218 Scopus citations

Abstract

In adult mice, the dominant adhesion molecules involved in homing to lymph nodes are L-selectin homing receptors on lymphocytes and the peripheral lymph node addressins on specialized high endothelial venules. Here we show that, from fetal life through the first 24 hr of life, the dominant adhesion molecules are the mucosal addressin MAdCAM-1 on lymph node high endothelial venules and its counterreceptor, the Peyer's patch homing receptor, integrin α4β7 on circulating cells. Before birth, 40-70% of peripheral blood leukocytes are L-selectin-positive, while only 1-2% expresses α4β7. However, the fetal lymph nodes preferentially attract α4β7-expressing cells, and this can be blocked by fetal administration of anti-MAdCAM-1 antibodies.
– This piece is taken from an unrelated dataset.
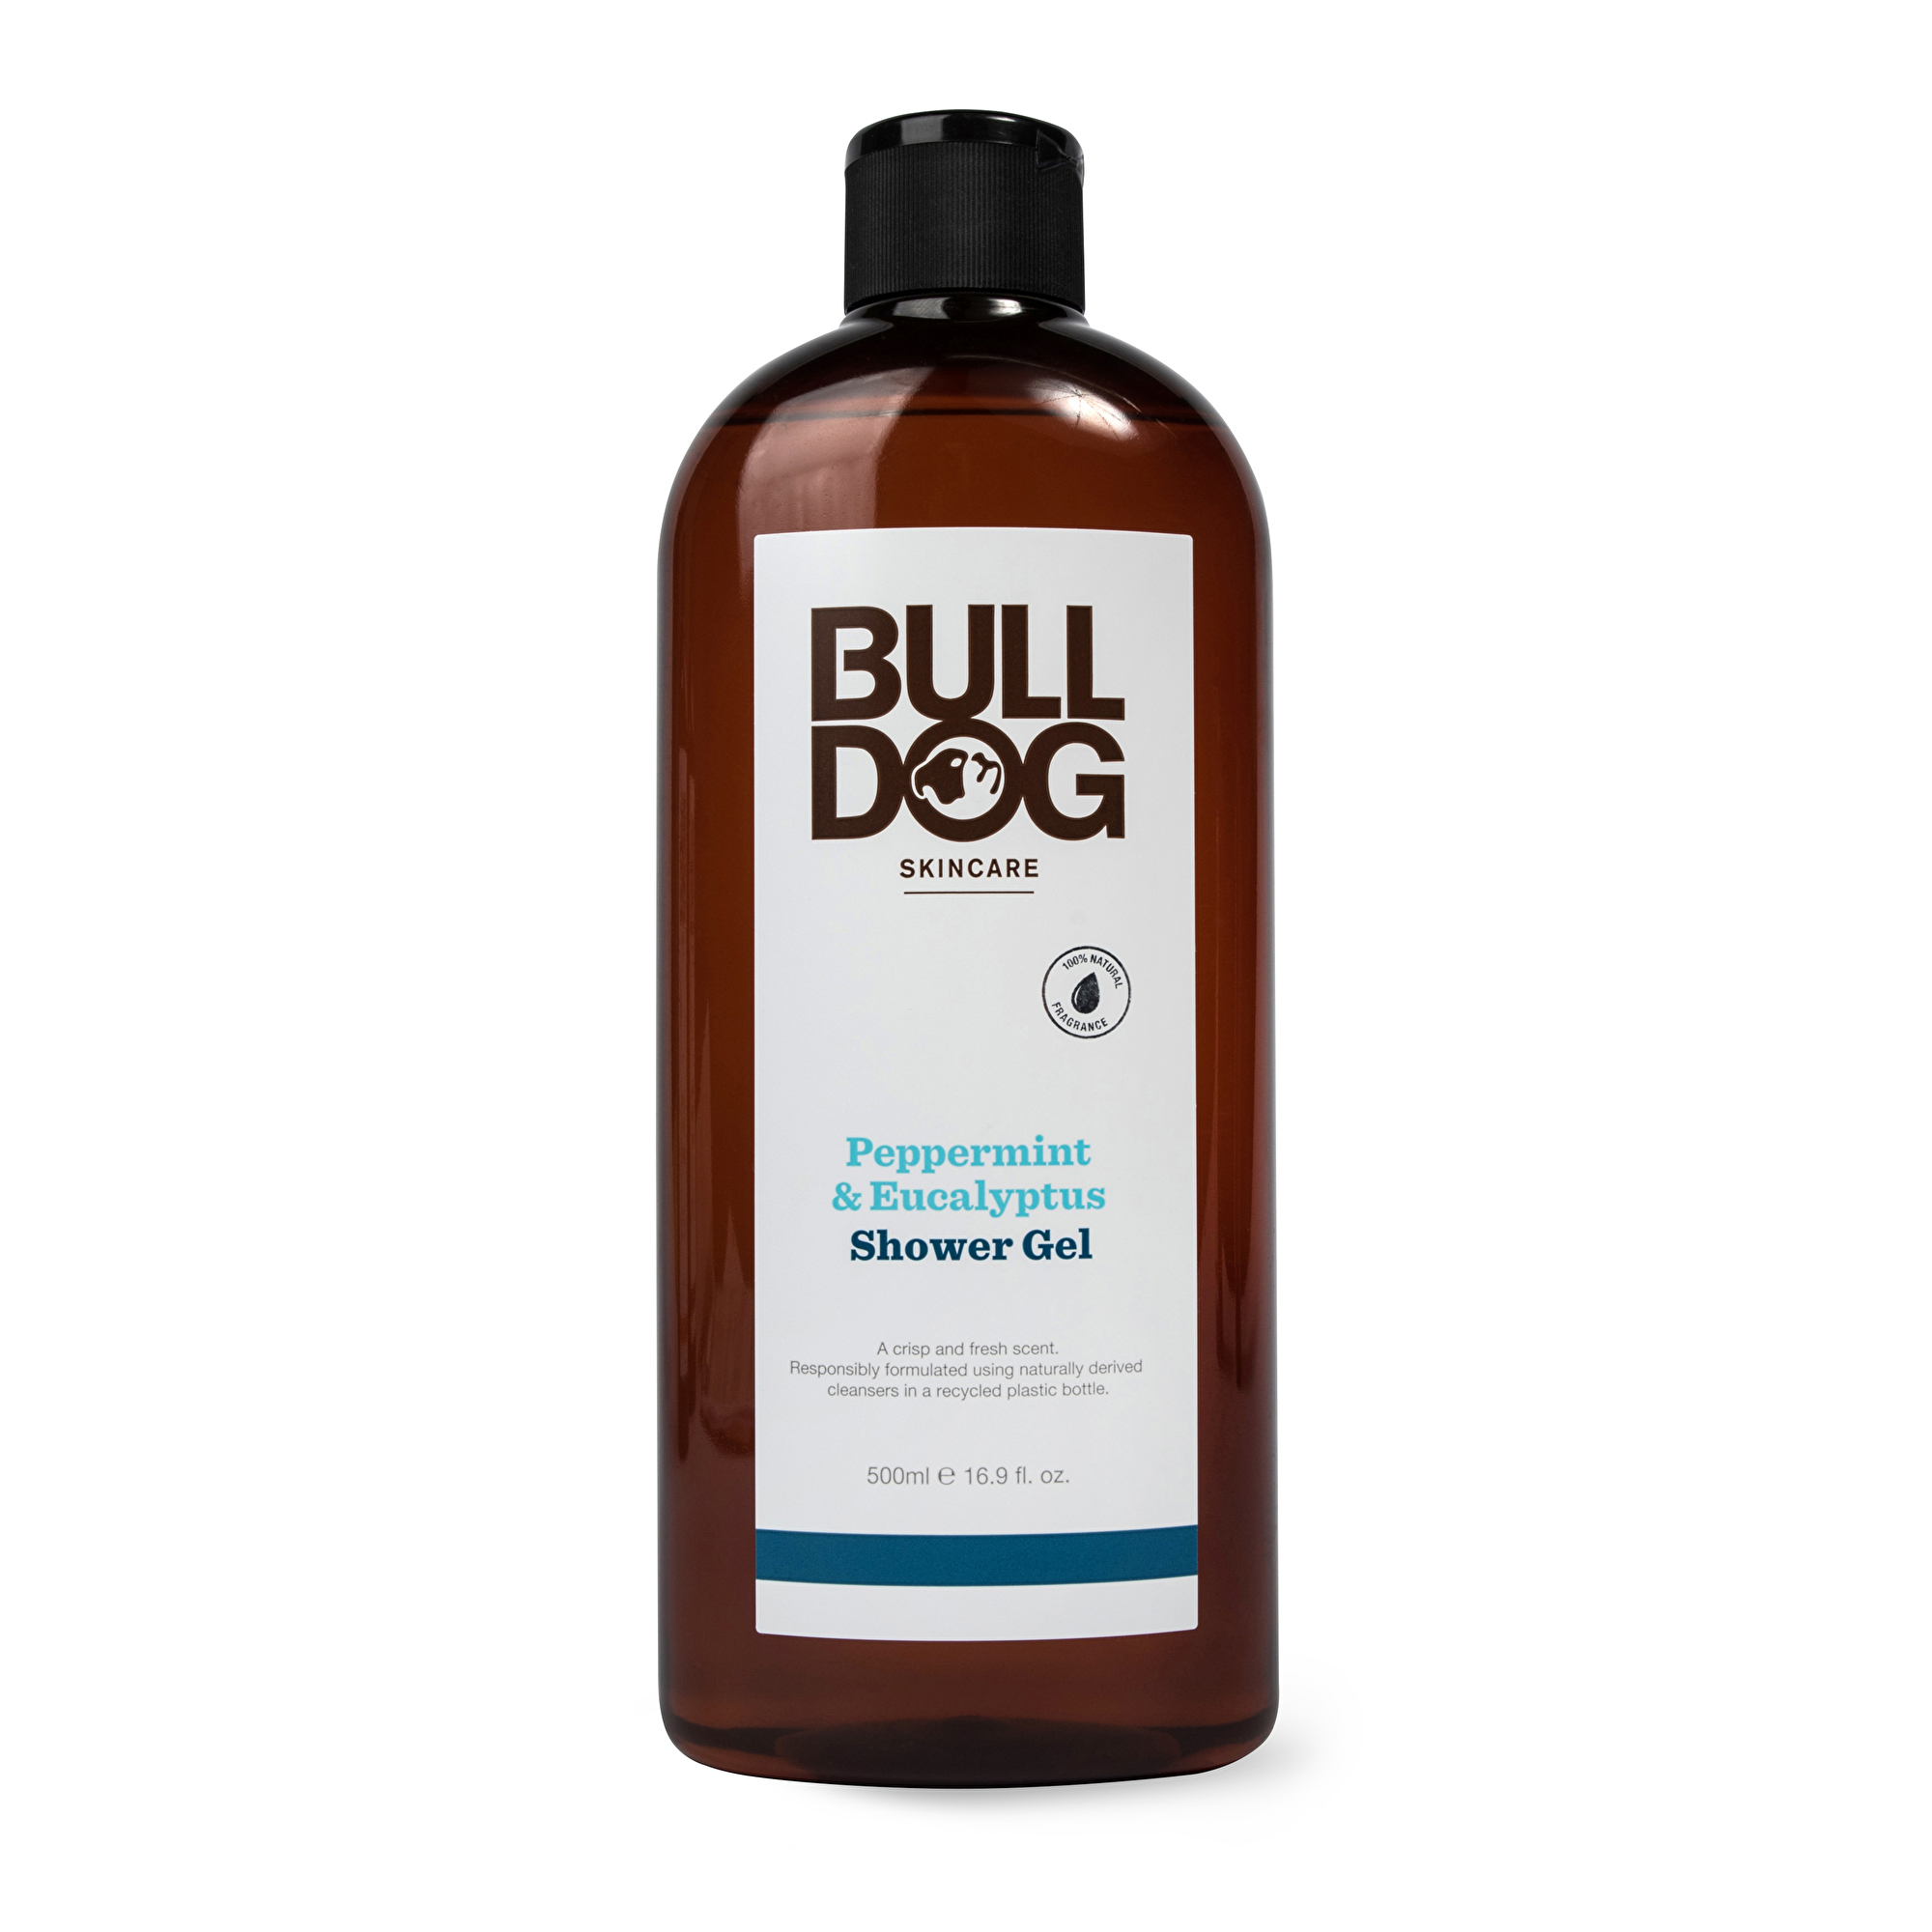 Bulldog Sprchový gel Peppermint & Eucalyptus (Shower Gel) 500 ml
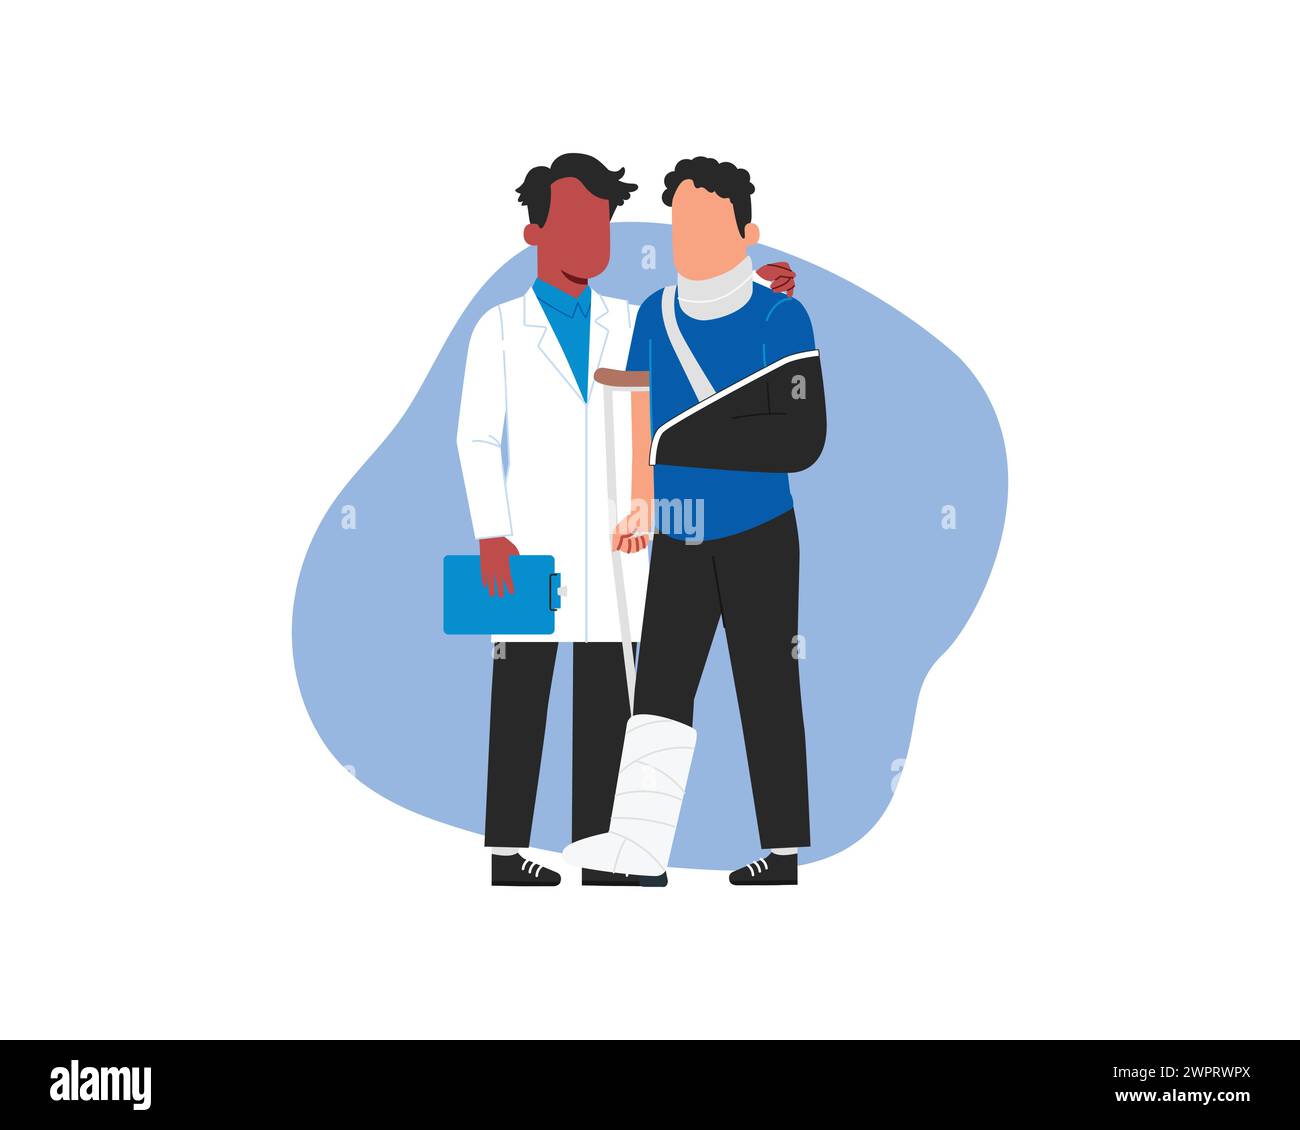 Une personne médicale en blanc aide un homme blessé avec le bras cassé. Illustration vectorielle dans un style plat. Illustration de Vecteur

During fetal and early neonatal life, when only MAdCAM-1 is expressed on high endothelial venules, an unusual subset of CD4+CD3- cells, exclusively expressing α4β7 as homing receptors, enters the lymph nodes. Beginning 24 hr after birth a developmental switch occurs, and the peripheral node addressins are upregulated on high endothelial venules in peripheral and mesenteric lymph nodes. This switch in addressin expression facilitates tissue-selective lymphocyte migration and mediates a sequential entry of different cell populations into the lymph nodes.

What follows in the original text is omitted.